Background: Pulmonary xenotransplantation is currently limited by hyperacute rejection mediated in part by xenoreactive natural antibody and complement. Transgenic swine organs that express the human complement regulatory protein CD59 have demonstrated improved survival in models of pig- to-primate xenotransplantation. Objective: The purpose of this study was to evaluate transgenic swine lungs that express the human complement regulatory protein CD59 in a model of pig-to-human xenotransplantation. Methods: Transgenic swine lungs (n = 5, experimental group) and outbred swine lungs (n = 6, control group) were perfused with fresh, whole human blood through a centrifugal pump on an ex vivo circuit. Functional data were collected throughout perfusion. Immunoglobulin and complement studies were performed on perfusate samples, and both histologic and immunofluorescent analyses were performed on tissue sections.

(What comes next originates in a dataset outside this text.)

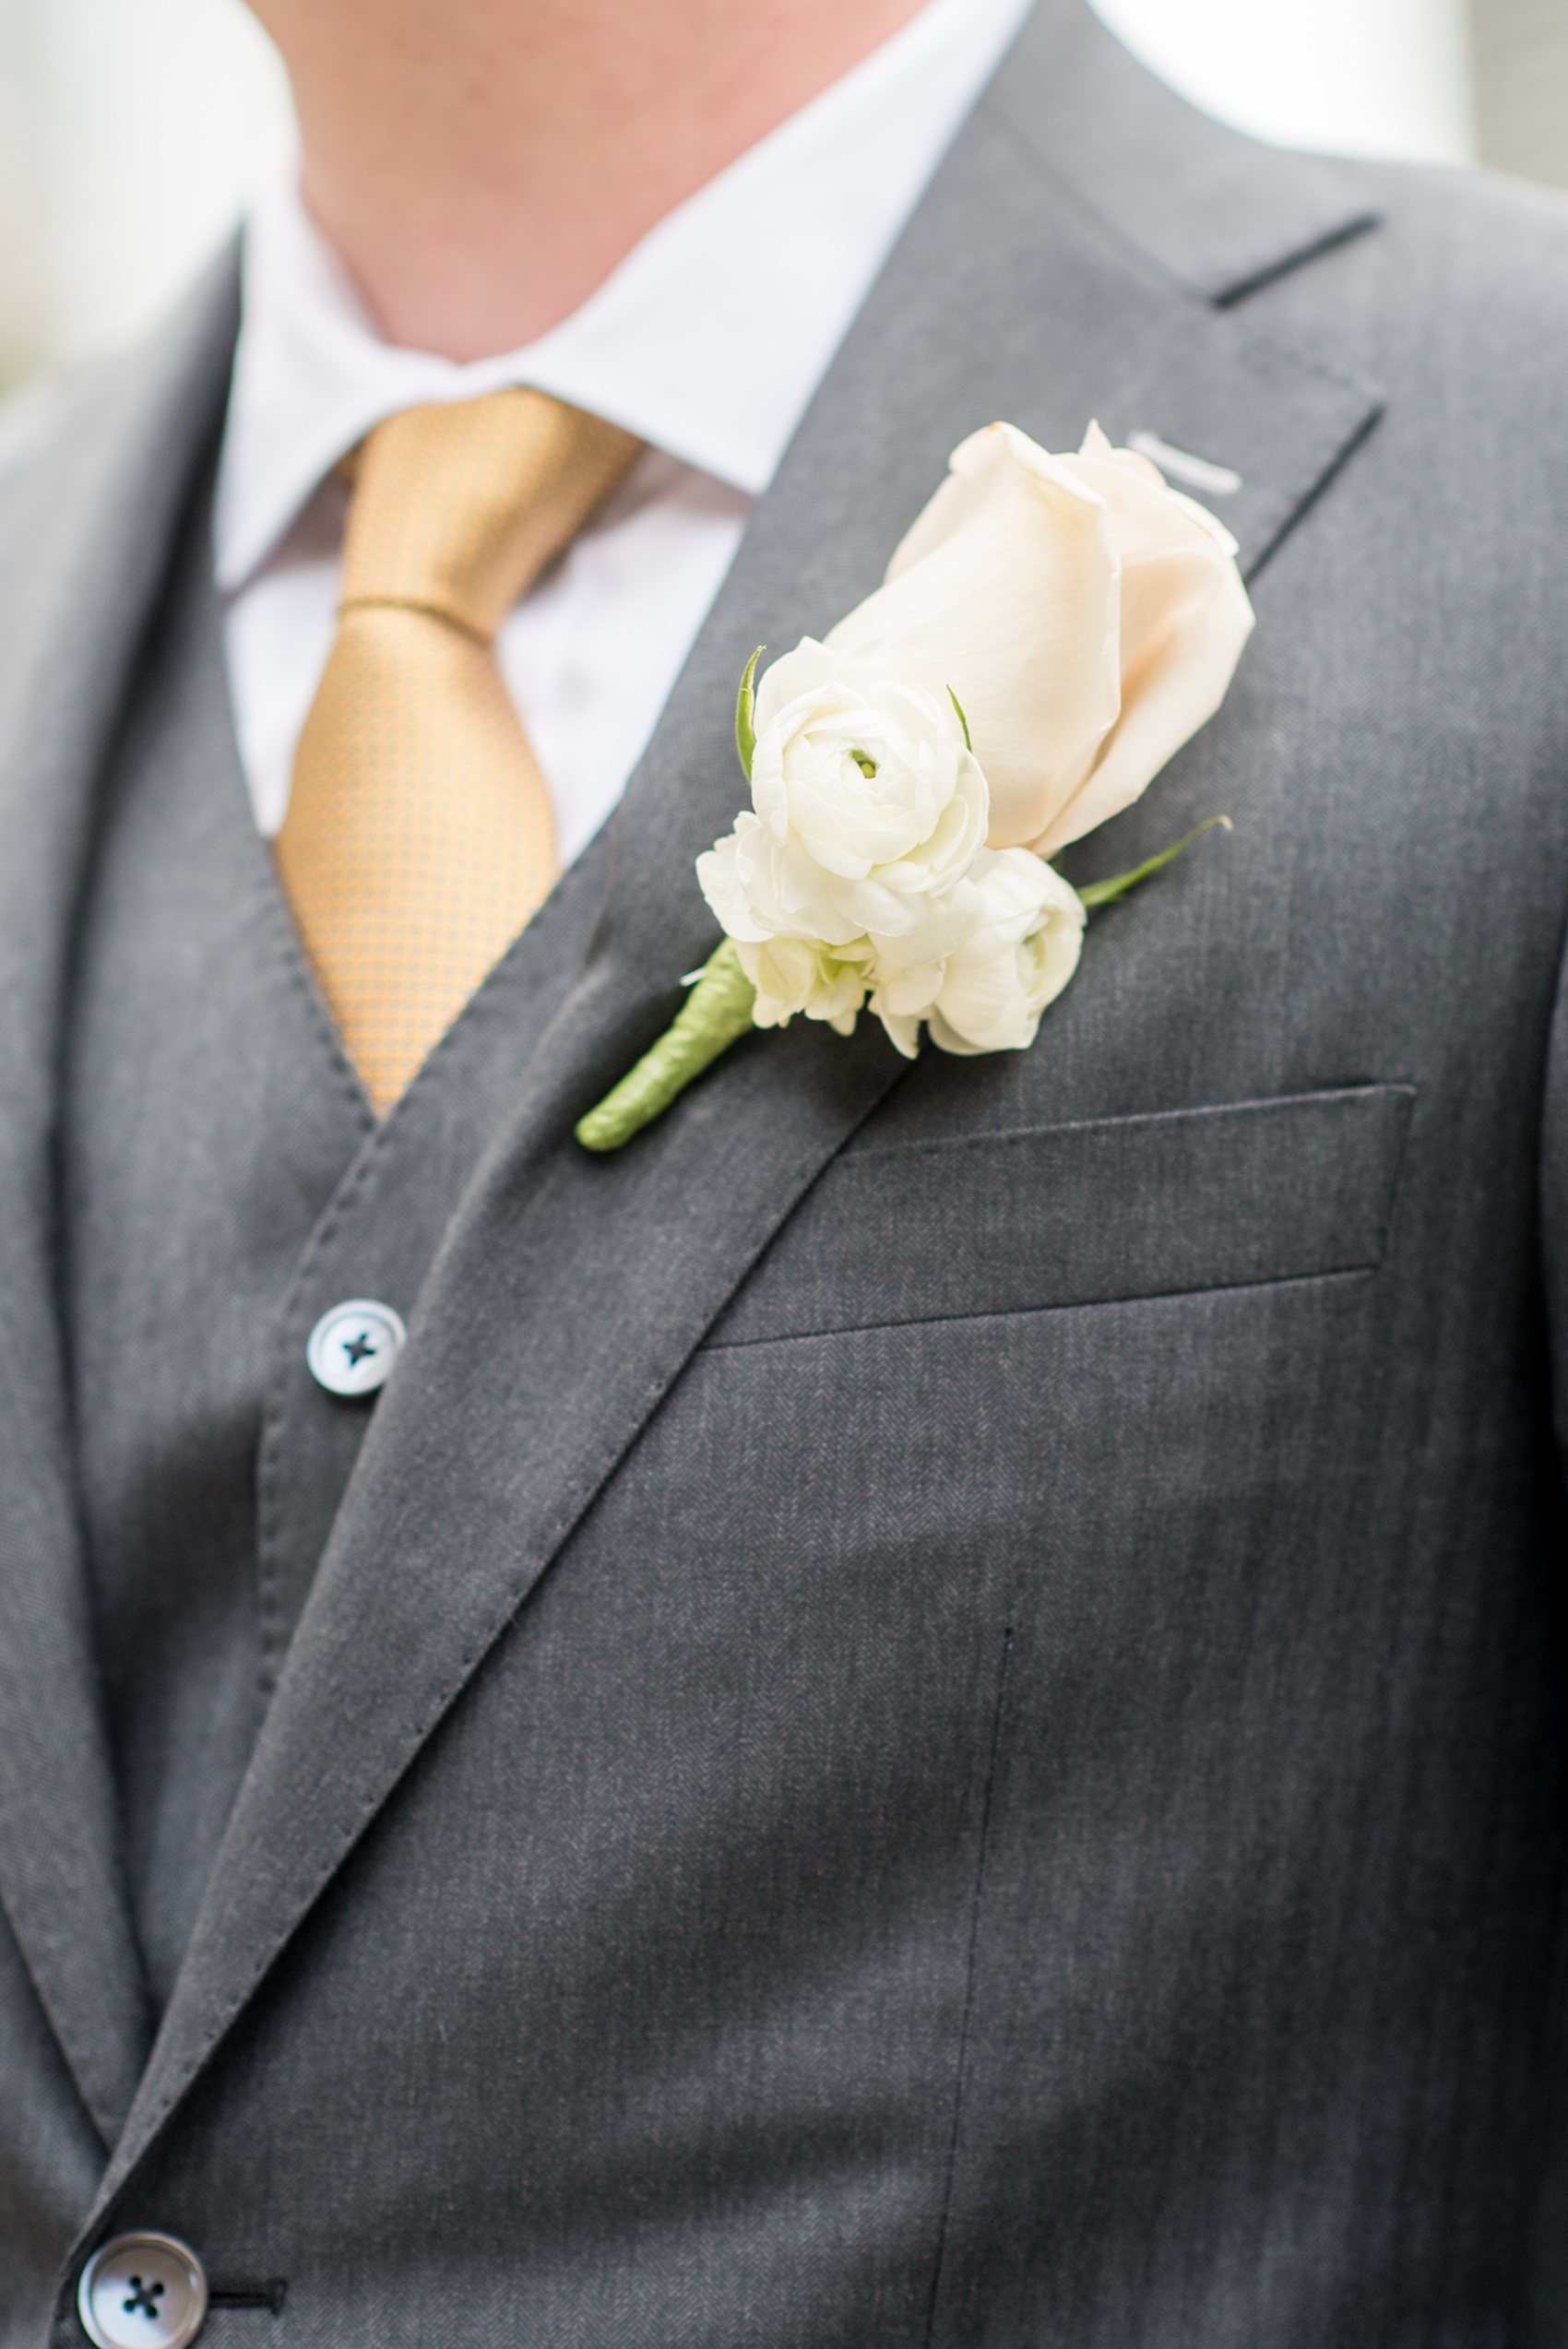 Mikkel Paige Photography photos of a wedding in downtown Chicago at The Rookery. The groom wore a three piece grey suit and had a rose and ranunculus all white boutonniere.
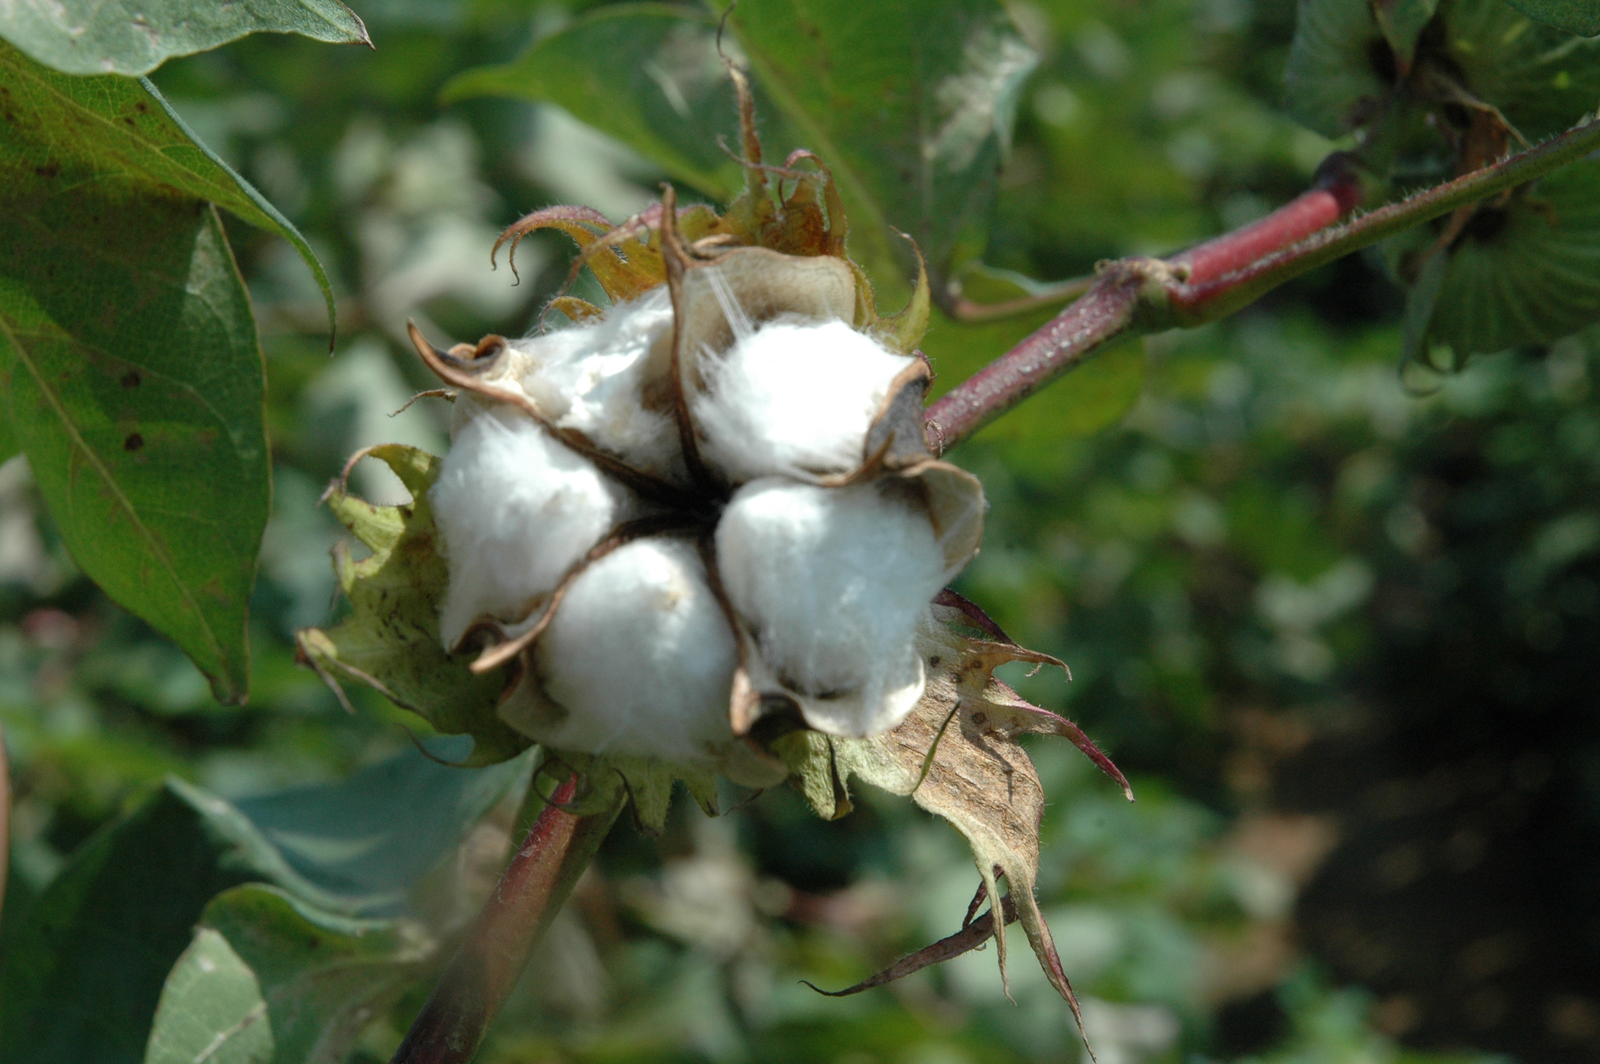 An opening cotton boll

Results: Mean lung survival for the experimental group was increased when compared with controls, 240 ± 0 minutes versus 35.3 ± 14.5 minutes, respectively, with a P value of less than .01. A decreased rise in pulmonary vascular resistance at 15 minutes was observed in the experimental group (343 ± 87 mm Hg · L-1 · min-1, in contrast to the control group (1579 ± 722 mm Hg · L-1 · min-1; P < .01). Pulmonary compliance at 15 minutes was improved for the experimental group versus control group (9.31 ± 1.41 mL · cm-2 H2O and 4.11 ± 2.84 mL · cm-2 H2O, respectively; P < .01). SC5b-9 generation in the plasma perfusate was delayed for the experimental group versus the control group. Immunofluorescent examination of tissue sections demonstrated equivalent deposition of immunoglobulin G, immunoglobulin M, C1q, and C3 in both groups, with reduced deposition of C9 in the experimental group. Conclusions: Transgenic swine pulmonary xenografts that express the human complement regulatory protein CD59 demonstrated improved function and survival in an ex vivo model of pig-to-human xenotransplantation.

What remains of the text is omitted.